DAOS-17628 bio: flush WAL header before unmap
In bio_wal_checkpoint(), we shouldn't unmap the checkpoint-ed region before flushing WAL header (to make the last checkpoint-ed ID persistent), otherwise, if the engine is interrupted in between the unmap and flush, next WAL replay on engine start will replay from the stale checkpoint-ed ID where the WAL tx data is already cleared by unmap.
Steps for the author:
- [ ] Commit message follows the guidelines.
- [ ] Appropriate Features or Test-tag pragmas were used.
- [ ] Appropriate Functional Test Stages were run.
- [ ] At least two positive code reviews including at least one code owner from each category referenced in the PR.
- [ ] Testing is complete. If necessary, forced-landing label added and a reason added in a comment.
After all prior steps are complete:
- [ ] Gatekeeper requested (daos-gatekeeper added as a reviewer).

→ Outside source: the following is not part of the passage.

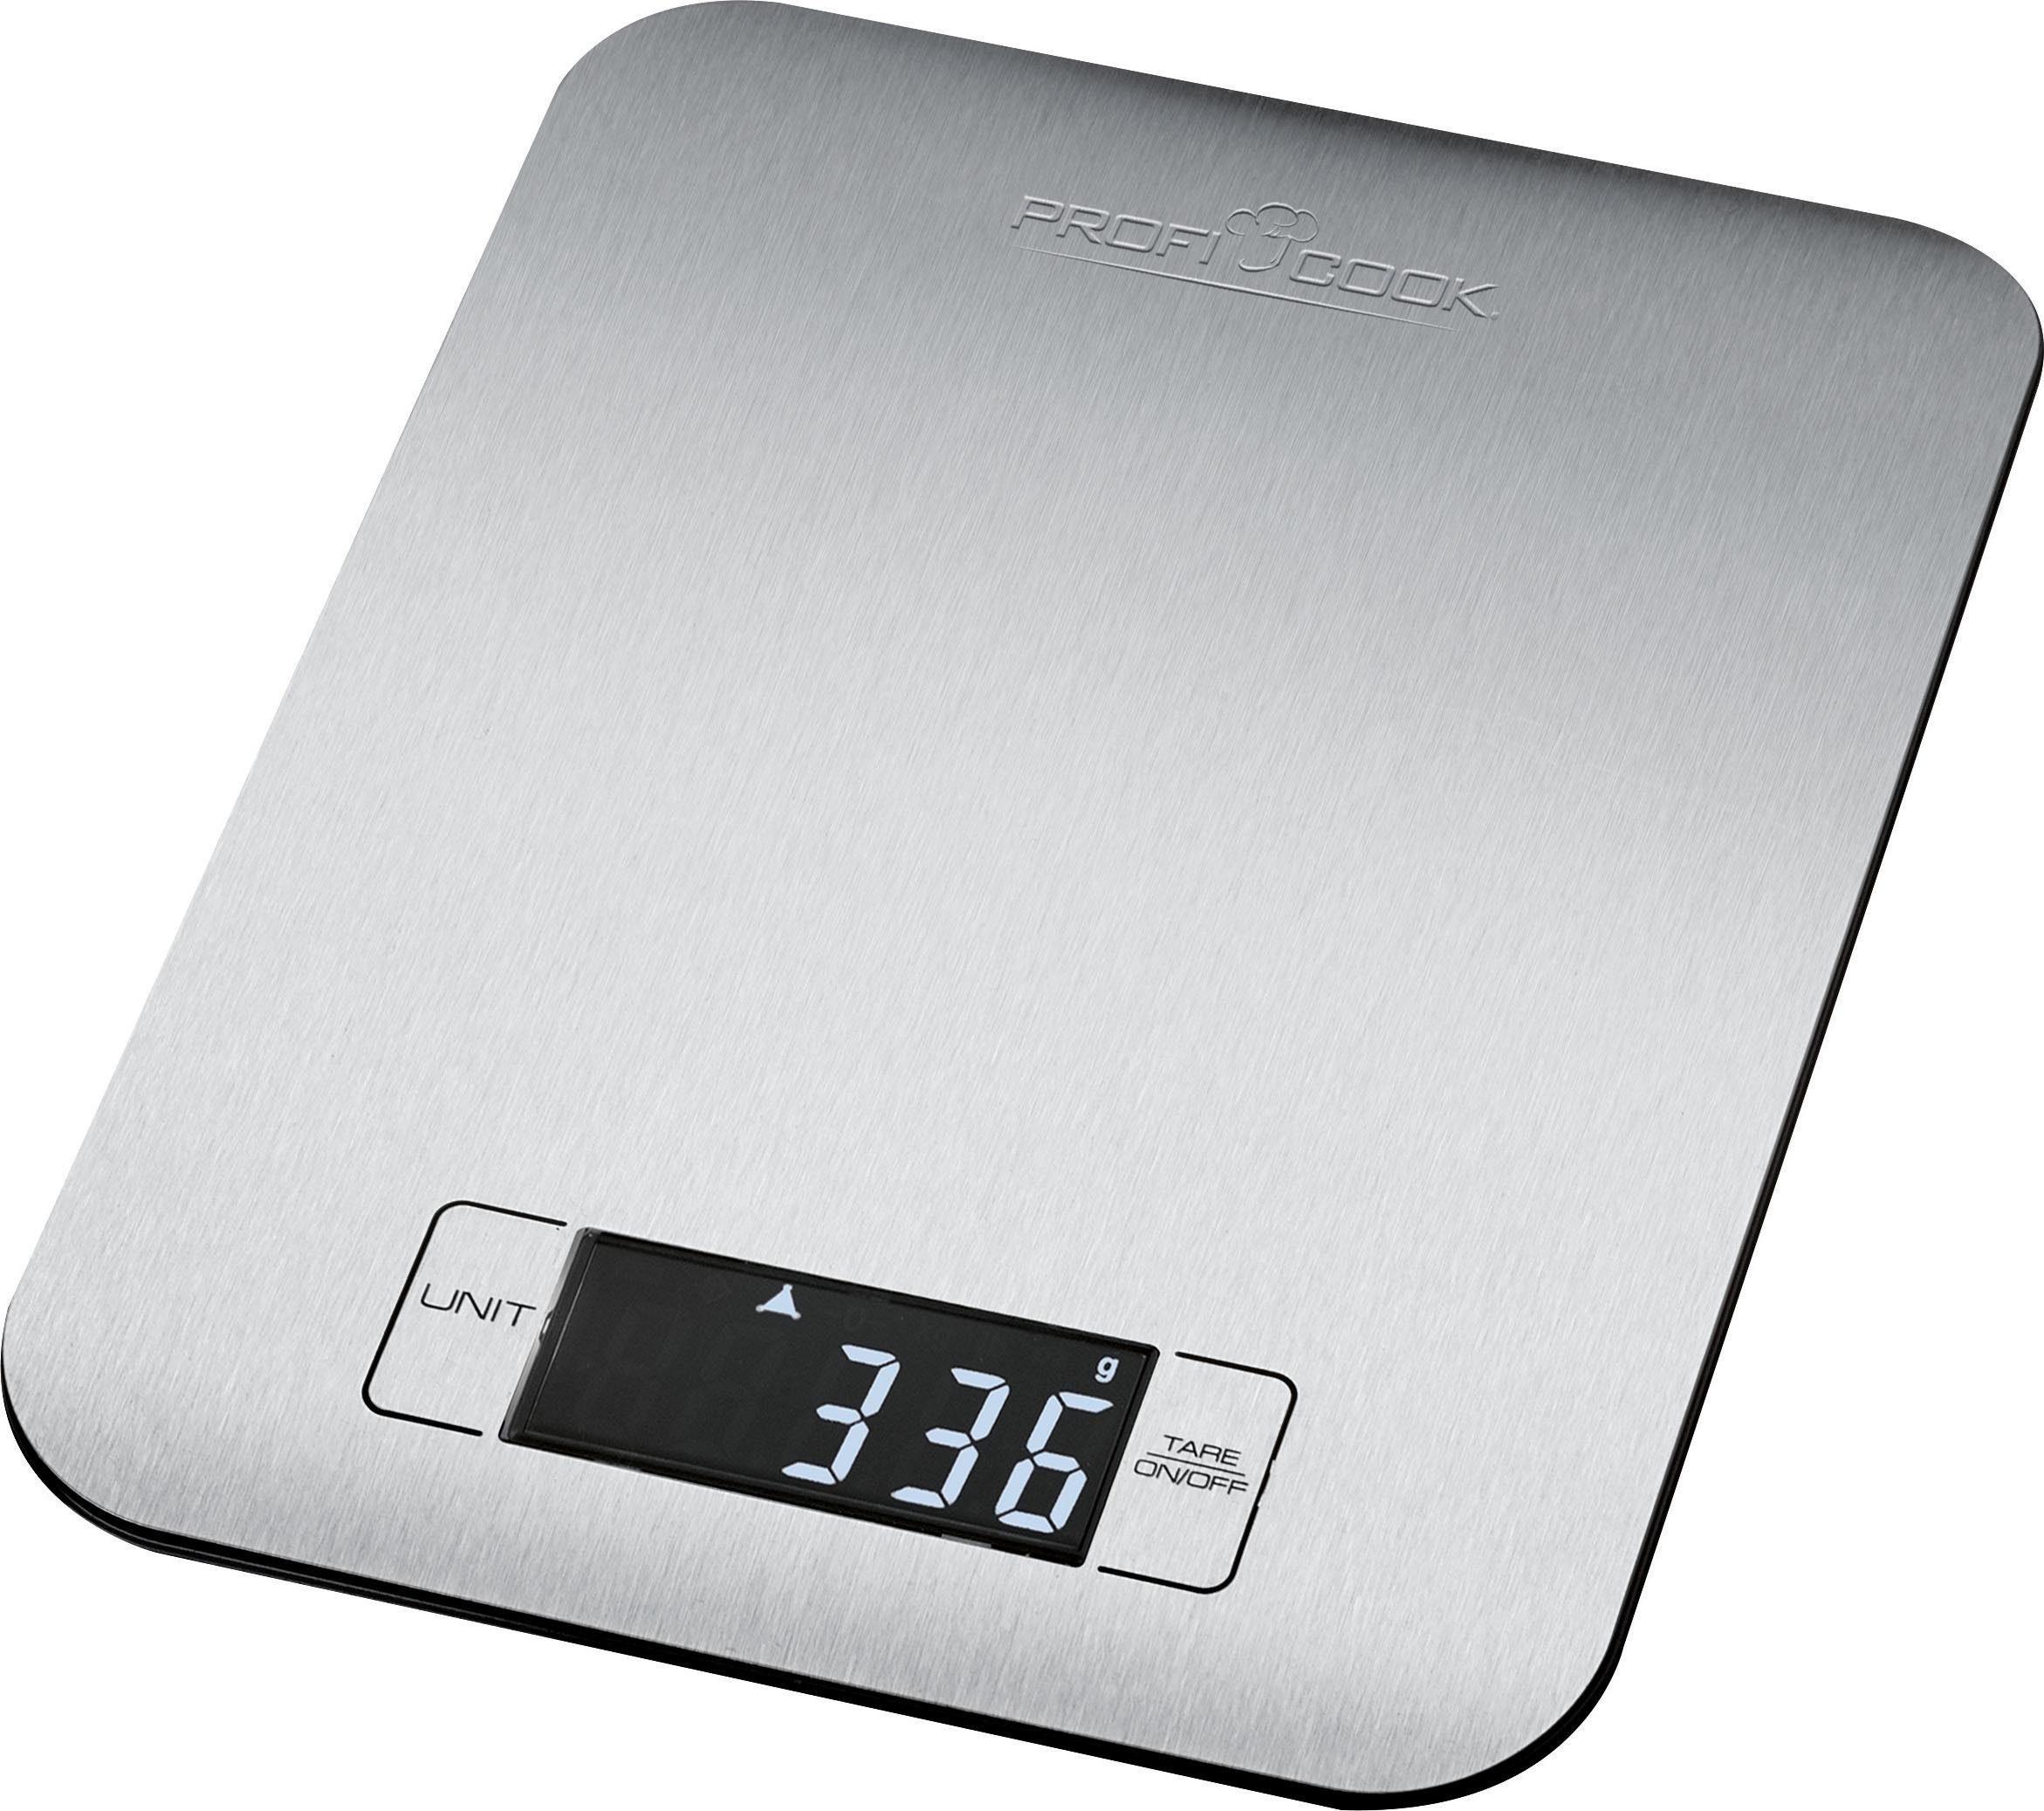 ProfiCook Küchenwaage PC-KW 1061, Extra flache digitale Küchenwaage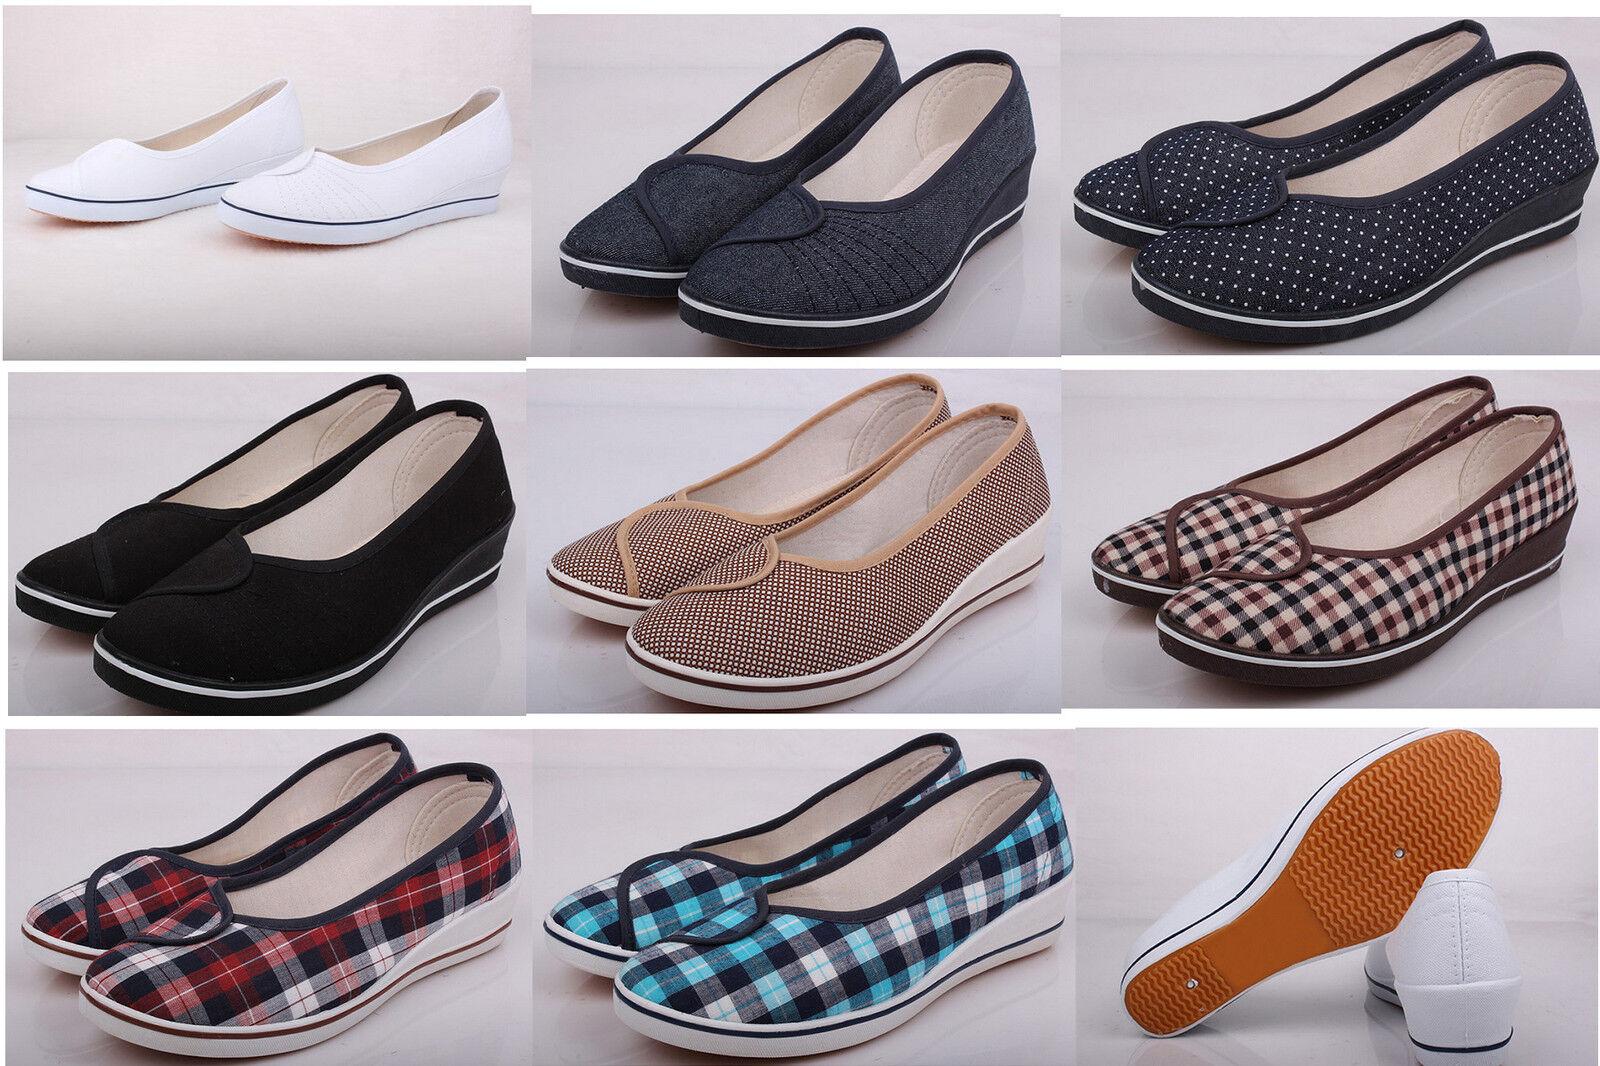 Fulinken Women's canvas slip on loafers ballet flats wedges shoes ladies heels

Ticket title is 'CP: N0001 engines up, but pool service lost' Status is 'In Progress' Labels: 'request_for_2.6.5' https://daosio.atlassian.net/browse/DAOS-17628
Test stage Functional Hardware Large MD on SSD completed with status FAILURE. https://jenkins-3.daos.hpc.amslabs.hpecorp.net//job/daos-stack/job/daos/view/change-requests/job/PR-16478/1/execution/node/1401/log
Test stage Functional Hardware Medium Verbs Provider MD on SSD completed with status FAILURE. https://jenkins-3.daos.hpc.amslabs.hpecorp.net//job/daos-stack/job/daos/view/change-requests/job/PR-16478/1/execution/node/1345/log
@daos-stack/daos-gatekeeper , the prior round of tests failed hardware test due to CI infrastructure issue, I re-triggered hardware test only, and it passed hardware test this time, I think we need a force landing.